Regular Expression Basics

Is there any difference between below 2 snippets of Regular Expression?

  1. pattern = r'\be-? ?mails?\b'
  2. pattern = r"\be[\-\s]?mails?\b"

Pattern 1 has 4 permutations from the two ? in the middle, ranging from matching 0,1,2 characters.
Pattern 2 has 3 permutations only ranging from matching 0,1 characters, the 1 being a choice of hypen or space

In addition to what @hanqi has said.

For pattern 1, you are looking for a match for the character between the \b . The pattern will look for e then look if -? is available. If it is available or not, it matches it. It moves forward to ' '? If there is a space available or not, it matches it. It matches mail exactly and moves to s?. If there is a s or not, it matches it. So you can have combinations like this: emails, e mails, email e mail, e-mails, e-mails.

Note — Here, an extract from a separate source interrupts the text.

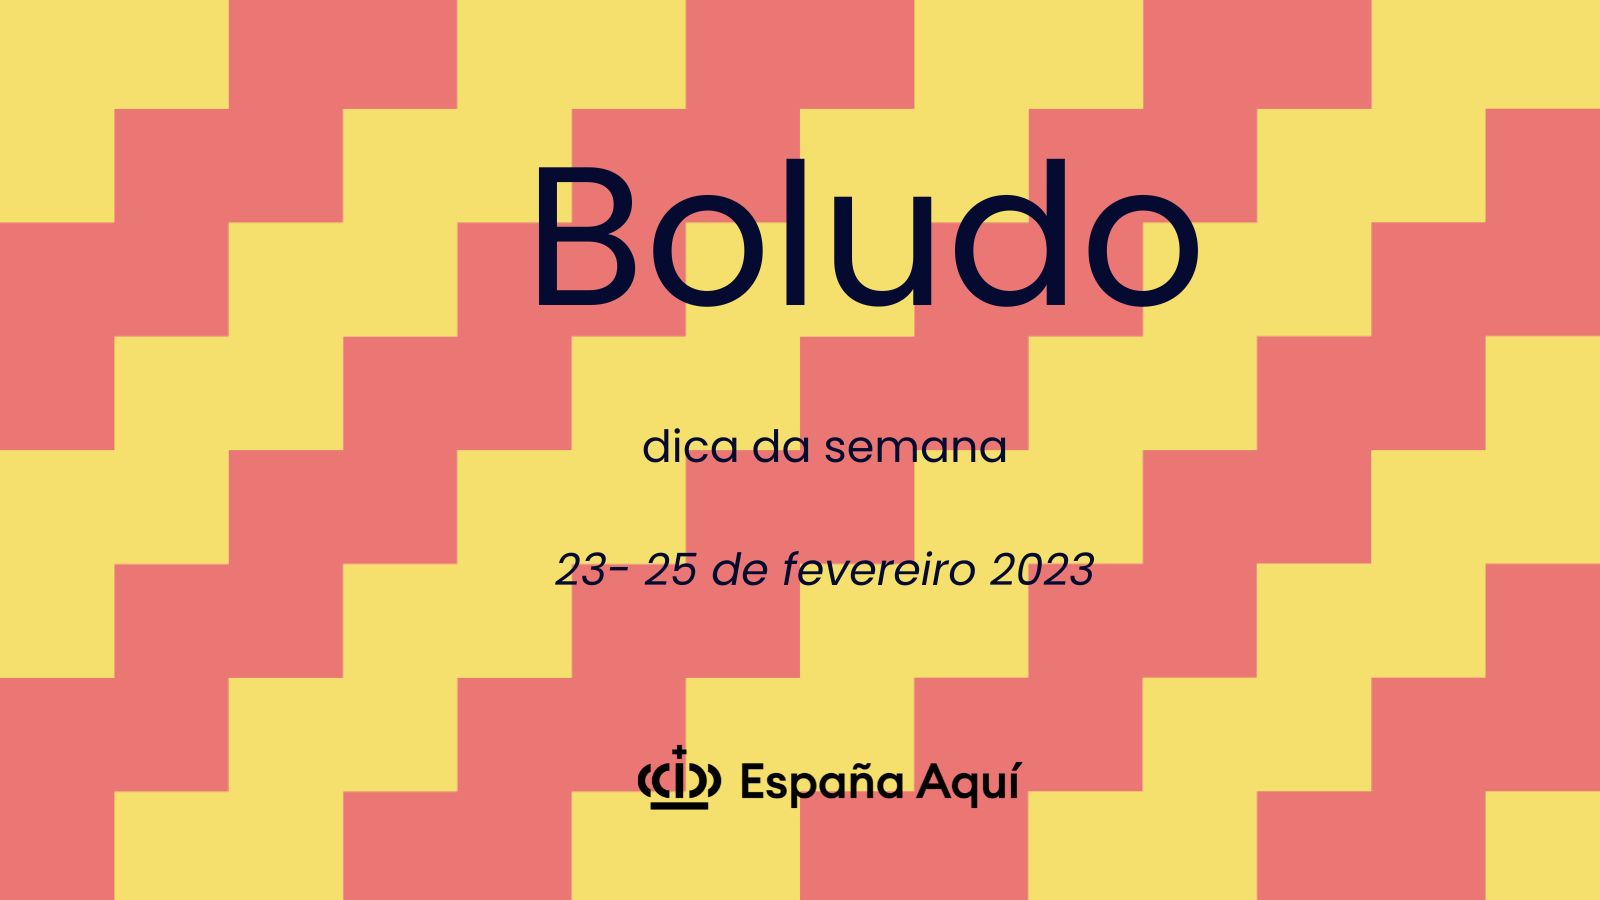 https://www.espanaaqui.com.br/pdf/2023/Dica%20da%20semana.%20Boludo.jpg

However, the second pattern uses the set. [\-\s] means either - or ' ', while ? means match when you see - or ' ' or when you do not see both of them at all. In the first pattern, it follows a hard sequence. In the second pattern however, the set makes this sequence unnecessary. Other things remains the same as in pattern 1.

I think if there is no ? after the [\-\s] in the second pattern, it will not match cases like this: emails, email because either - or ' ' must occur. You can verify this.


1 Like

Thank you so much for your great answer!!! I totally understand the difference now!

1 Like